Allele-specific expression is selected in tumorigenesis, results from epigenetic changes and has prognostic relevance

Allele-specific expression (ASE) is the differential abundance in levels of mRNAs that originated from the paternal and maternal copies of a gene. Such allelic imbalances can contribute to phenotypic variation and influence disease traits, including cancer. There is common ASE in tumors that results from somatic copy-number alterations (CNAs) at the DNA level, but there also exist other causes of ASE: cis-acting genetic or epigenetic variation that can lead to differential expression between the two alleles. However, the latter, non-CNA mechanisms of ASE remain understudied in cancer, as well as their role in tumor evolution and impact on clinical outcomes. By integrating a wide variety of genomic and transcriptomic pan-cancer data from the TCGA project, we show that ASE favoring the preferential expression of the mutant allele in some driver genes is subject to positive selection, and that these events are associated with worse overall survival across all cancer types.
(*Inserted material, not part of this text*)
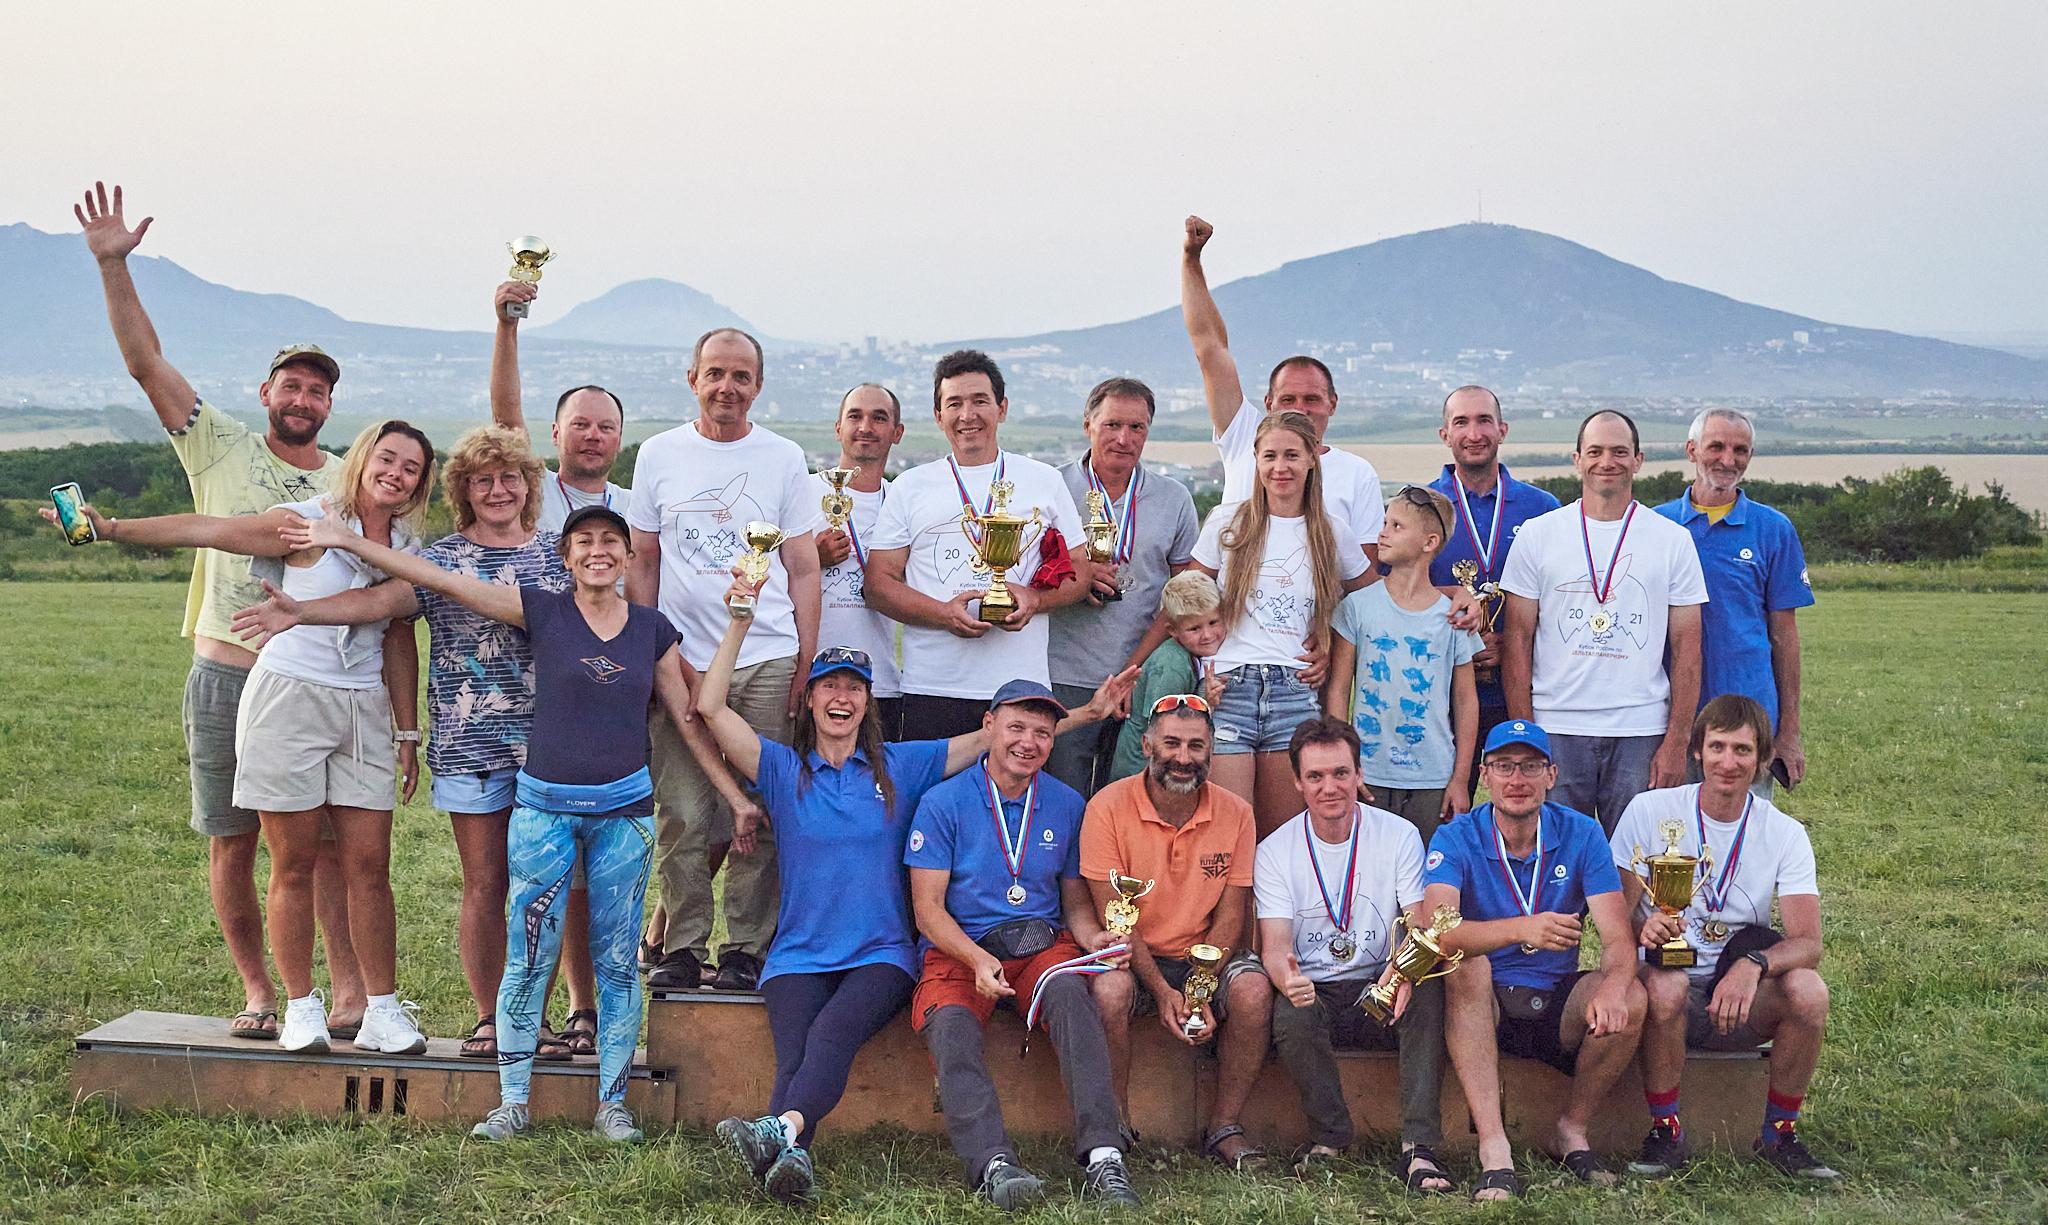 Russian Hang Gliding Cup'21 in Yutsa - Кубок России по дельтапланеризму на Юце

We found that the impact of ASE triggered by non-CNA causes is substantial, and we propose that some instances of cis-ASE are explained by the epigenetic changes affecting alleles differently. Furthermore, as a second mechanism, we find that splicing-altering mutations are selected in various cancer genes and result in ASE. We anticipate that the study and understanding of the role of mutant allele imbalances at the mRNA level can help understand epigenetic changes during cancer evolution, as well as identify new prognostic markers and therapeutic approaches that target altered allelic expression in tumors.